## Description of the task:
Before copying, find the line below that contains "Italien schafft die kleinsten Cent-Münzen ab"; then return it and all later lines exactly, up to and including the final line, with no pictures.

## Given information:

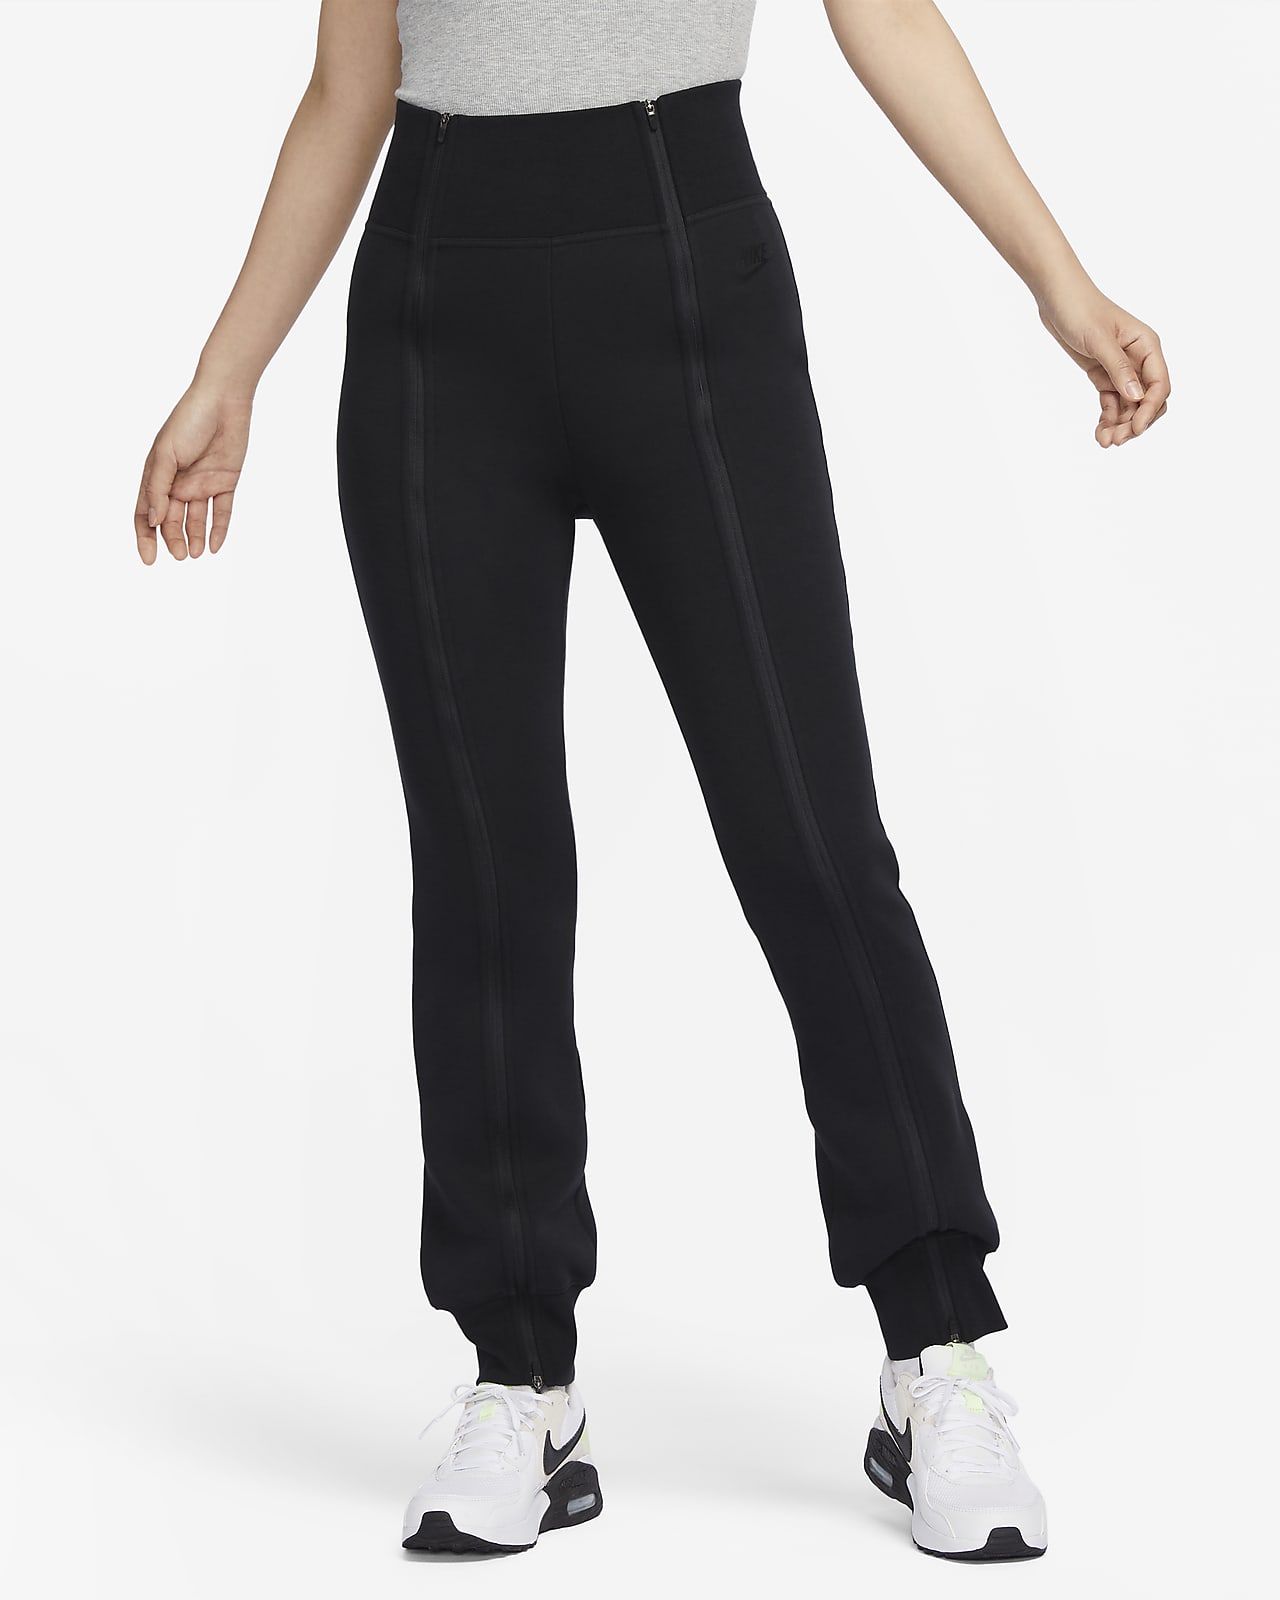 Nike Sportswear Tech Fleece Women's High-Waisted Slim Zip Pants. Nike JP
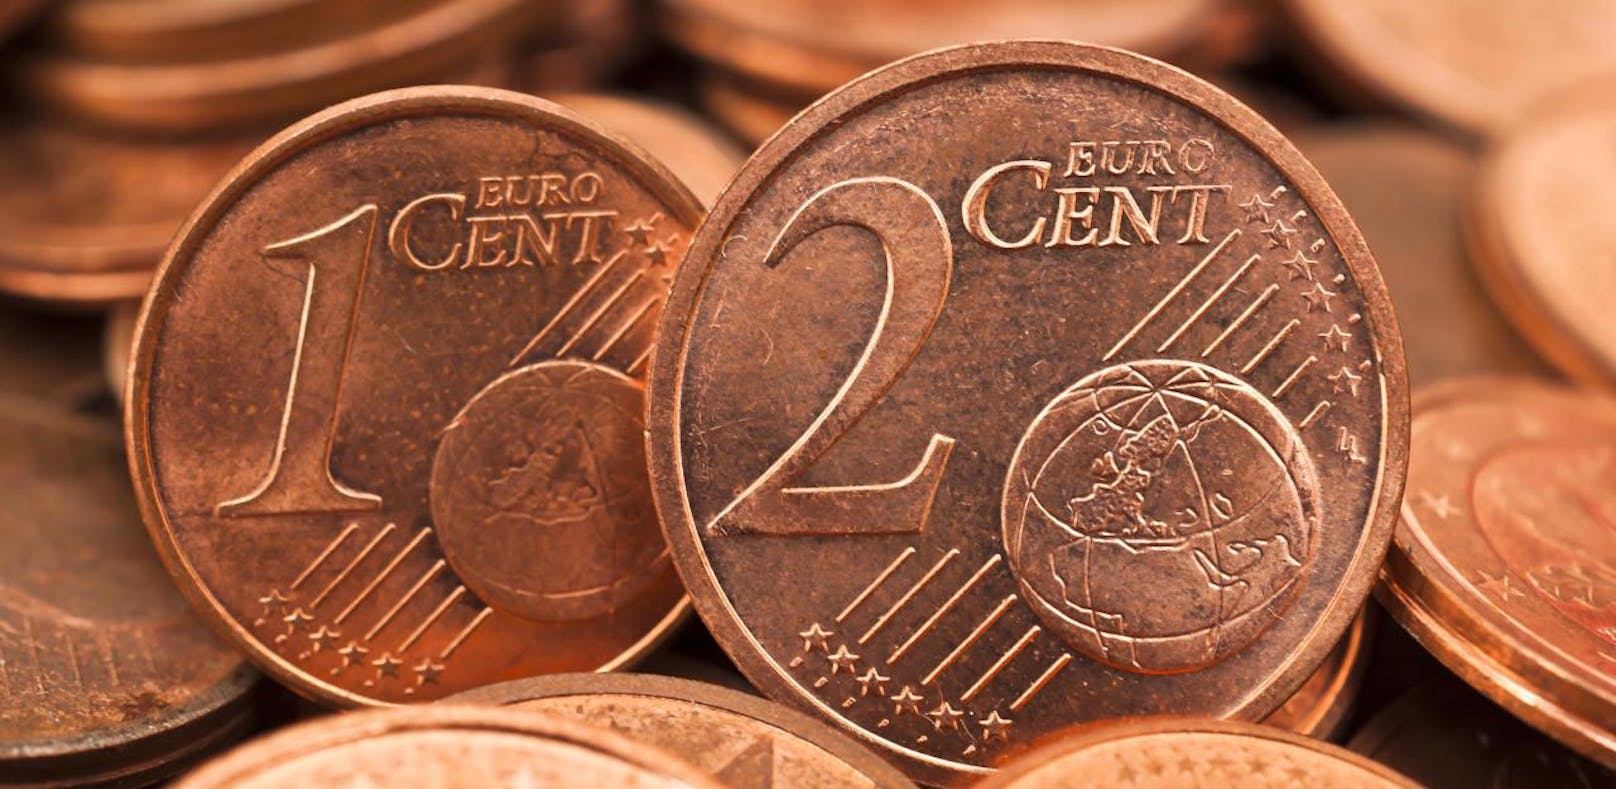 Italien schafft die kleinsten Cent-Münzen ab
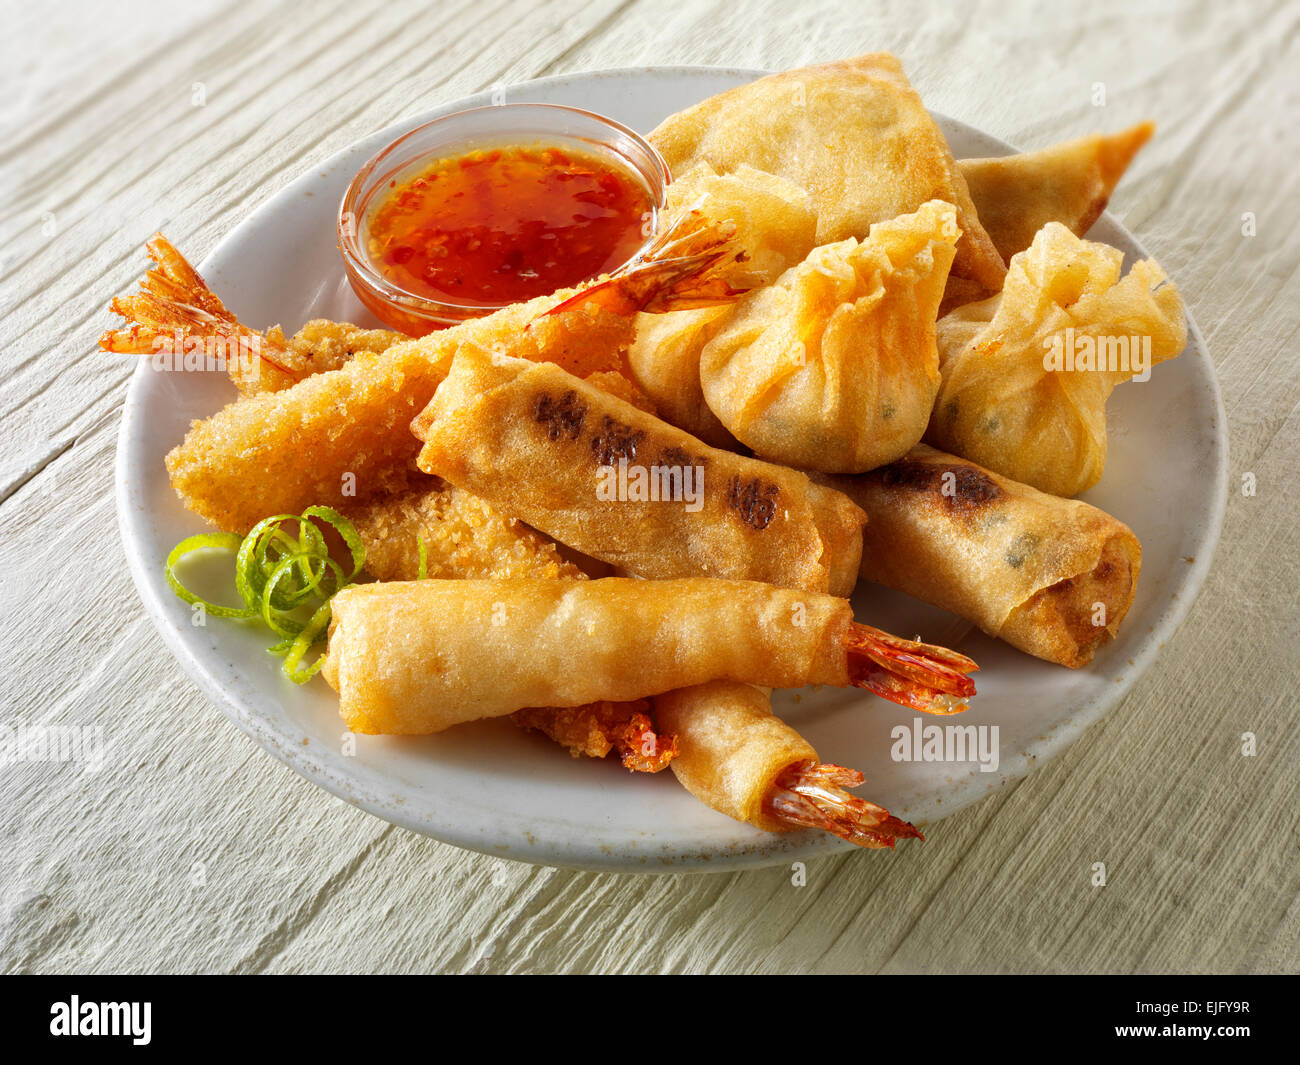 Démarreurs - Chinois mixte cuite dim sum, crevettes panées, rouleaux de printemps avec sauce chili servi sur une plaque blanche Banque D'Images

## Written solution:
 Italien schafft die kleinsten Cent-Münzen ab
 Démarreurs - Chinois mixte cuite dim sum, crevettes panées, rouleaux de printemps avec sauce chili servi sur une plaque blanche Banque D'Images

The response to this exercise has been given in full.